START Dataset content
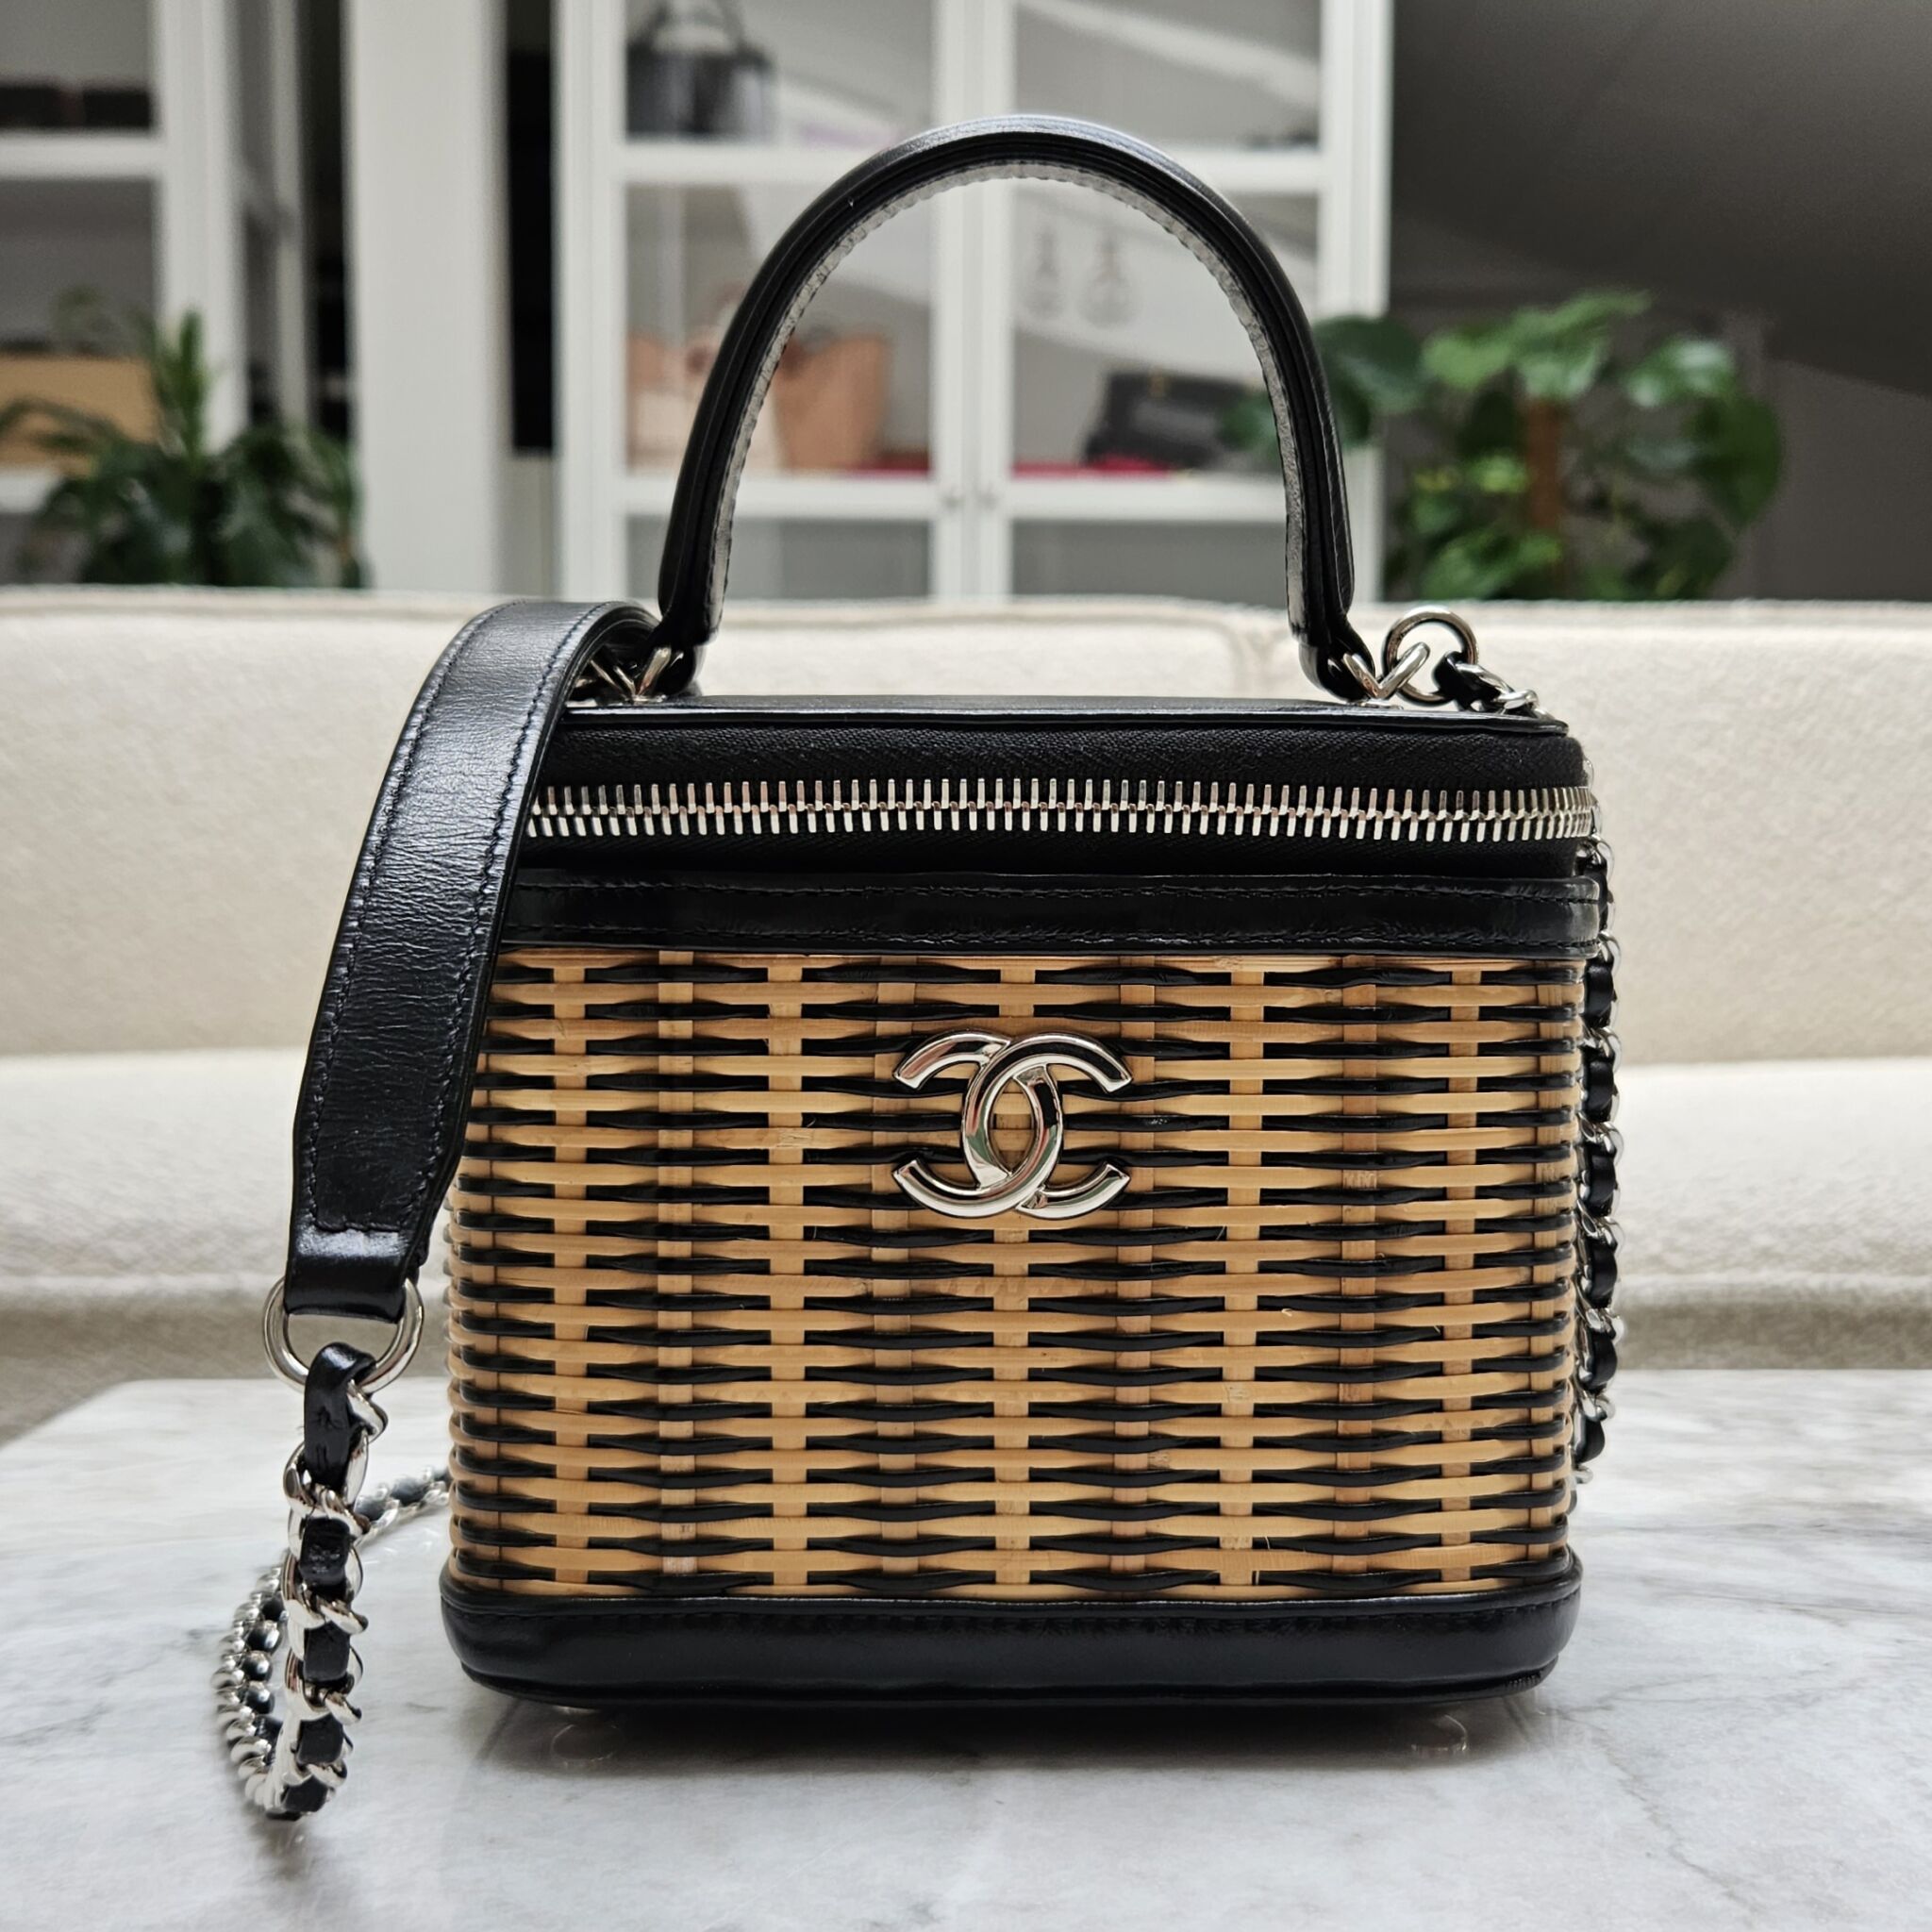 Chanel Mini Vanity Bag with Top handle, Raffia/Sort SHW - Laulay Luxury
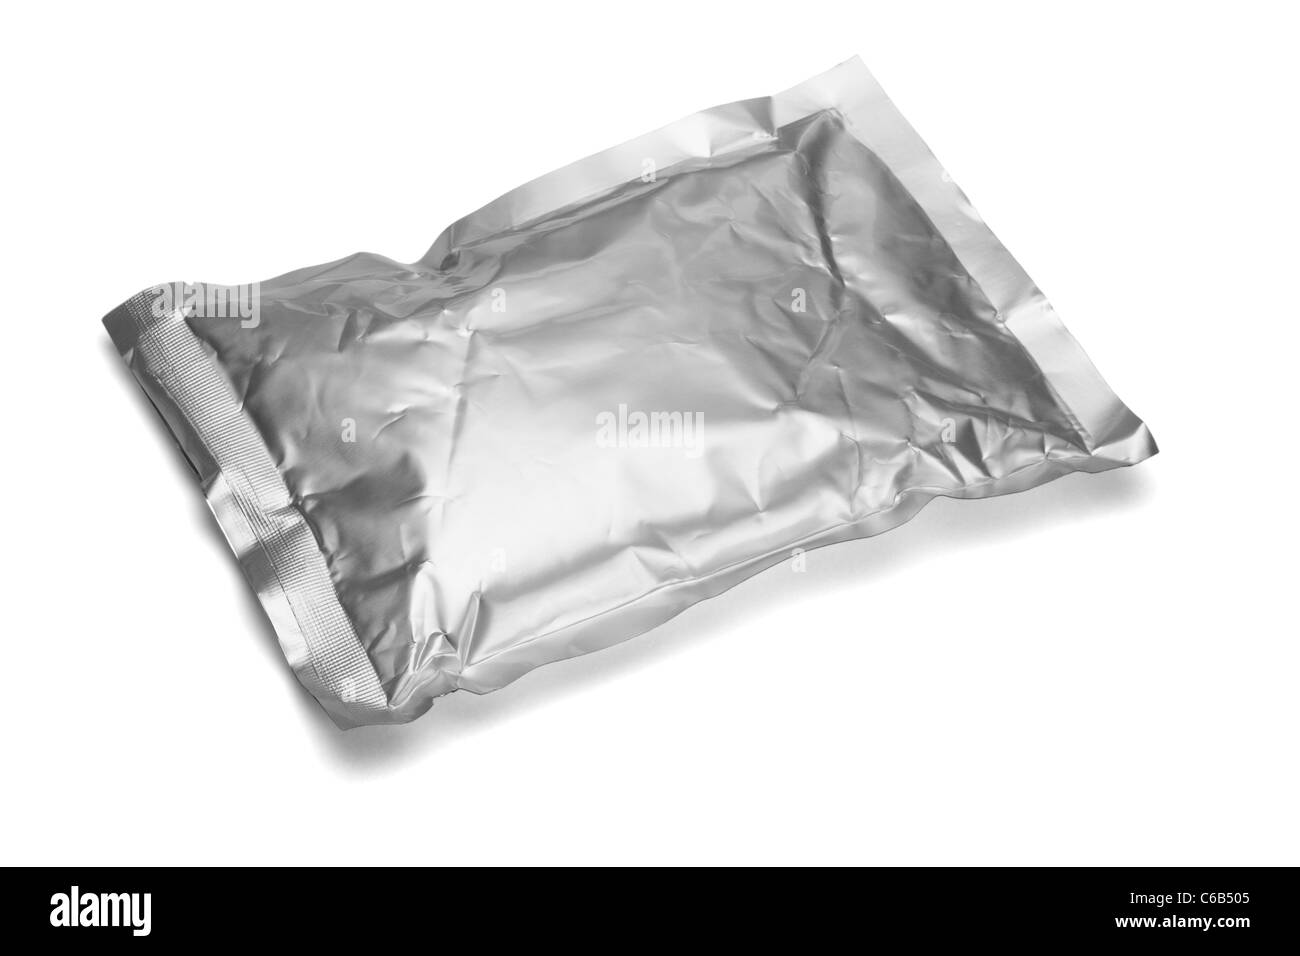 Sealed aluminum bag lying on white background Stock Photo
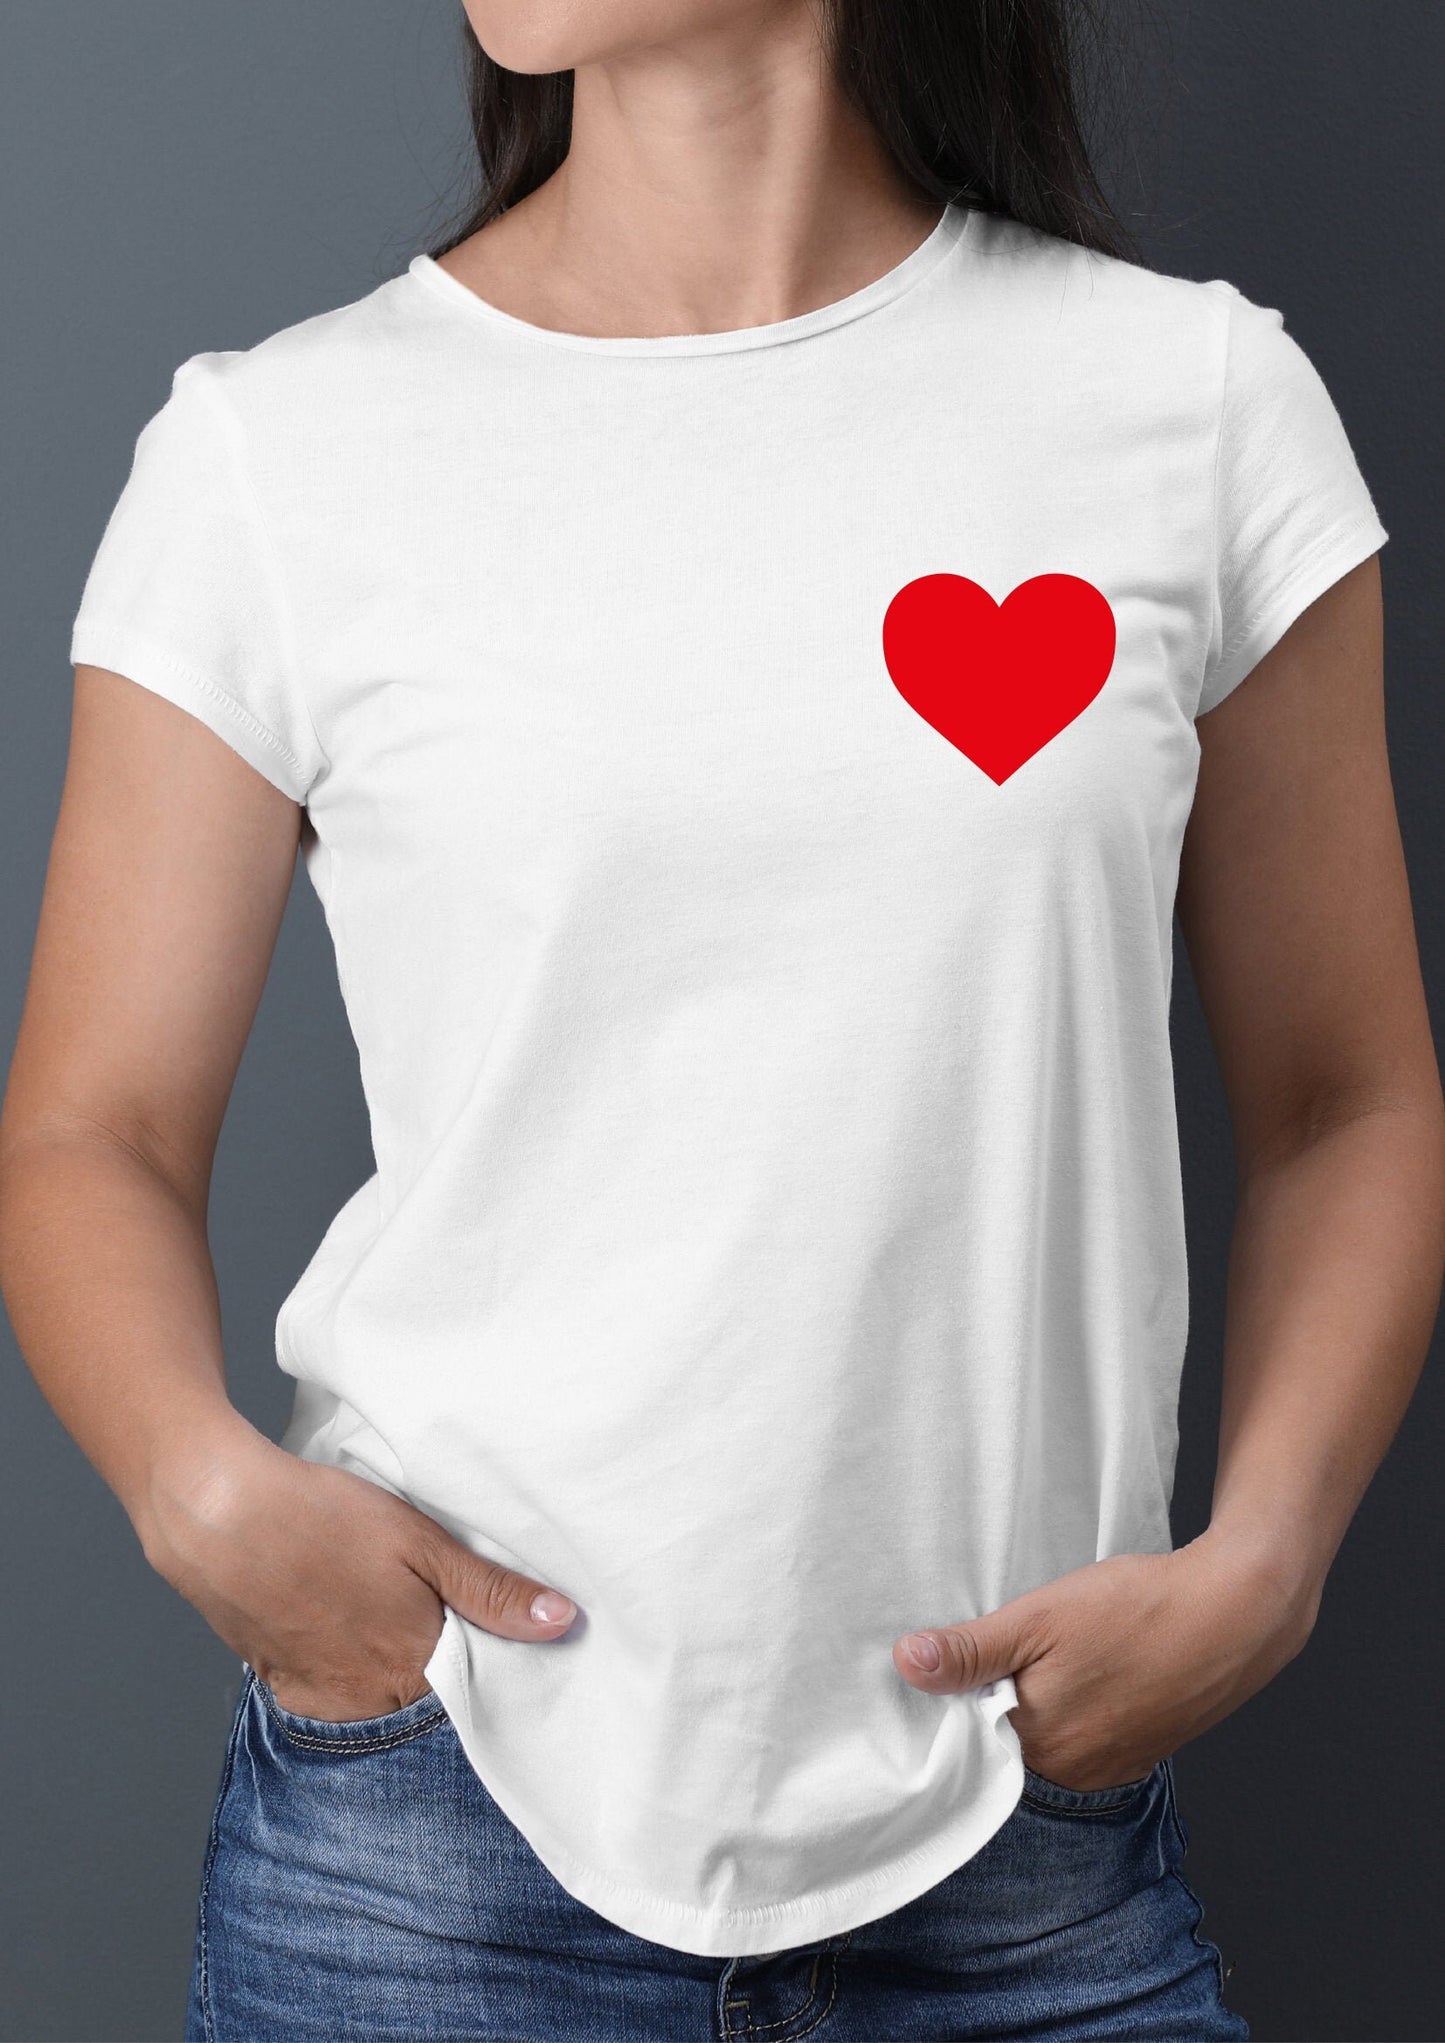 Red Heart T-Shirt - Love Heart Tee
END Dataset content
**Exercise aim:** Return all the data exactly, and keep the pictures out.

**Written reply:**
 Chanel Mini Vanity Bag with Top handle, Raffia/Sort SHW - Laulay Luxury
 Sealed aluminum bag lying on white background Stock Photo
 Red Heart T-Shirt - Love Heart Tee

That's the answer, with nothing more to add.